Our spaceflight data further indicate that several genes whose expression patterns are important for wing vein patterning are altered at different stages of development during spaceflight. While genomic data from the prepupal stage are not available, and the prepupae is thought to be a phenocritical stage for wing vein patterning, data from spaceflight returned adult flies and late third instar larvae indicate changes in expression of key components of the Hedgehog, EGF, and related pathways.
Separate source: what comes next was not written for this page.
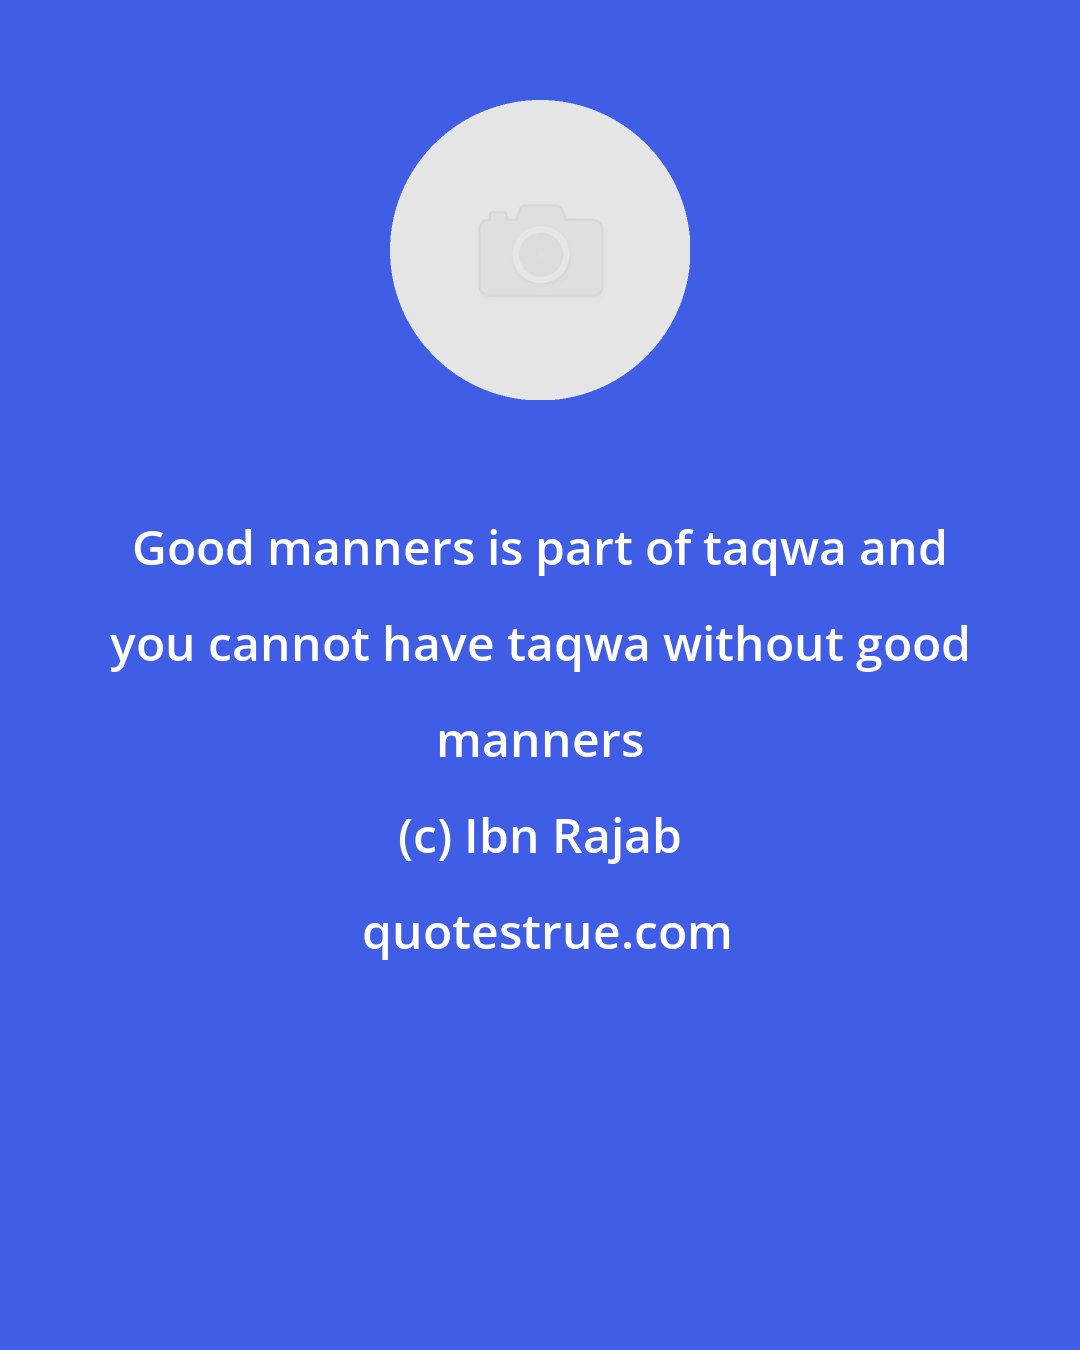 Ibn Rajab: Good manners is part of taqwa and you cannot have taqwa without good manners

Therefore, it is possible that in future spaceflight missions different wild type and sensitized mutant background lines could be flown to investigate the use of altered wing venation in offspring developed in space as a phenotypic measure/readout by VESGEN of spaceflight-induced stress. The VESGEN software will allow a careful analysis of the response of Drosophila wing venation to space environments and other factors, such as space radiation, since these effects have not yet been systematically mapped and quantified. Other interesting software measures wing venation landmarks and wing shape related to sexual dimorphism (Kunkel and Bettencourt, 2011) or Drosophilid species (Houle et al., 2003). The VESGEN approach is distinguished by an automated, insightful grouping of vascular characteristics that have been used extensively to map other similar patterns.
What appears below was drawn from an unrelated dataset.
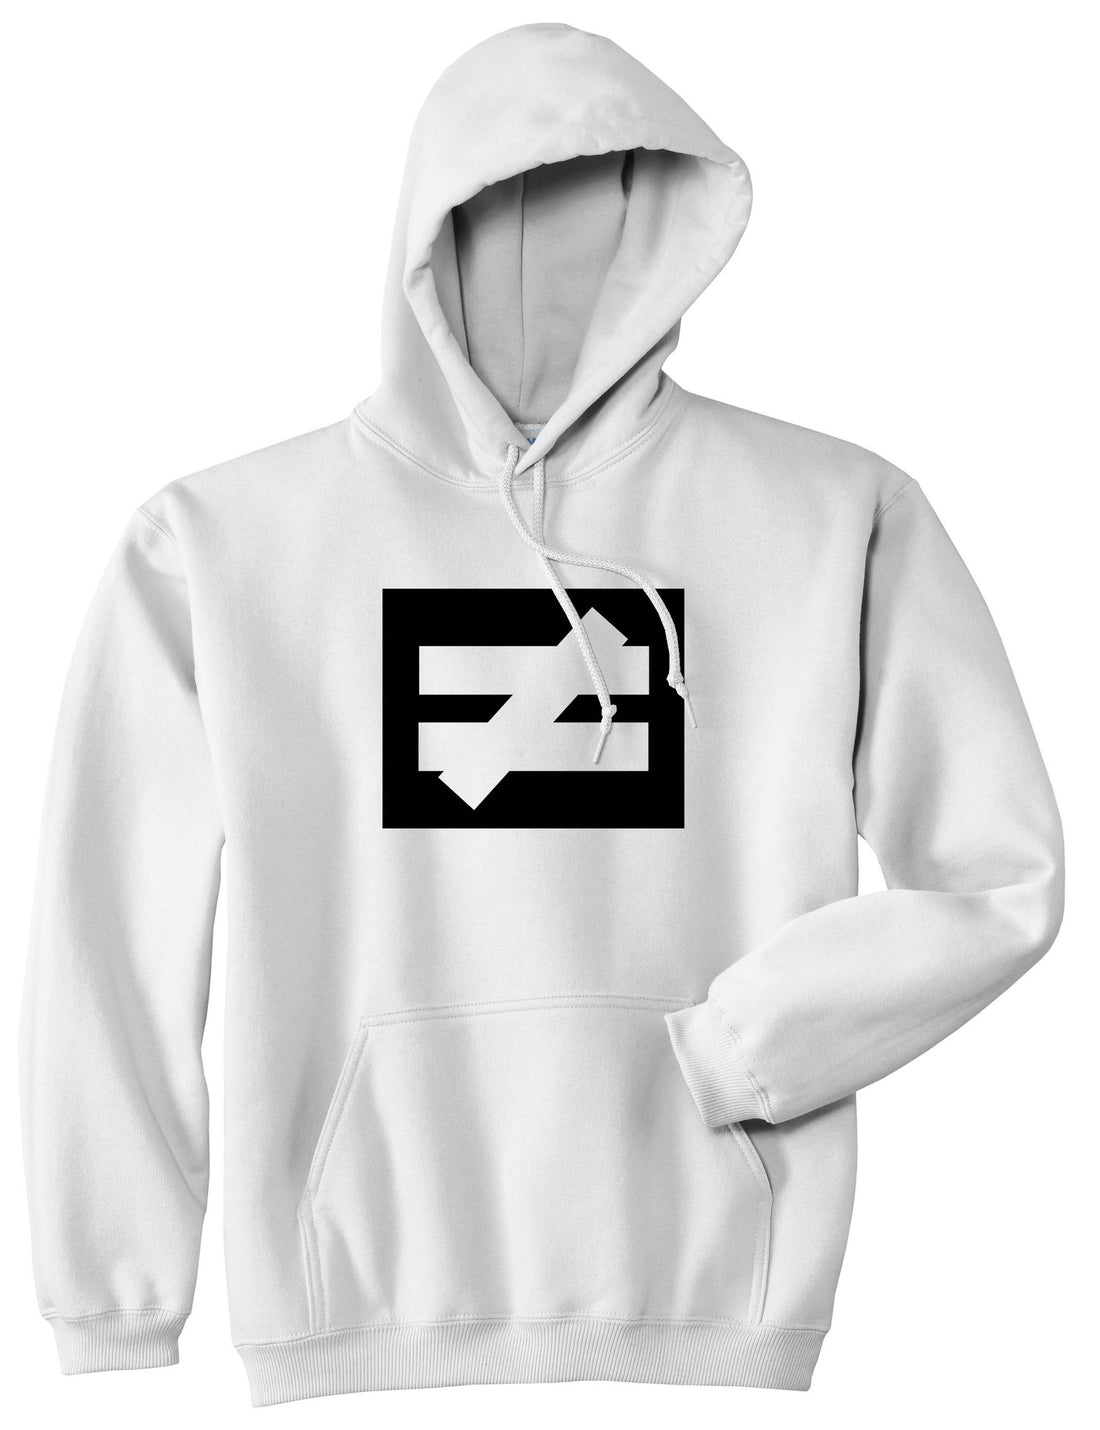 No Equal No Competition Boys Kids Pullover Hoodie Hoody in White by Kings Of NY

Previously perturbed vascular patterns mapped by VESGEN include: mouse coronary and intestinal vessels (Liu et al., 2009; Parsons-Wingerter and Reinecker, 2012; Vickerman et al., 2009), Arabidopsis leaf venation (Parsons-Wingerter et al., 2014), the avian chorioallantoic membrane (Vickerman et al., 2009), and the human and mouse retinas (Parsons-Wingerter et al., 2010; Vickerman et al., 2009). We propose that VESGEN mappings of healthy or pathological adaptations in vascular patterning to space environmental factors by major genetic organisms, such as Drosophila, offer sensitive, quantifiable phenotypic read-outs that help to integrate the many molecular signals generated by complex, interacting genetic pathways. Furthermore, analysis by VESGEN of the response of wing venation patterning in the Drosophila model to various types of terrestrial environmental stressors, as well as studies of different genetic mutants, can be useful for terrestrial research on developmental, environmental, and other biomedical applications.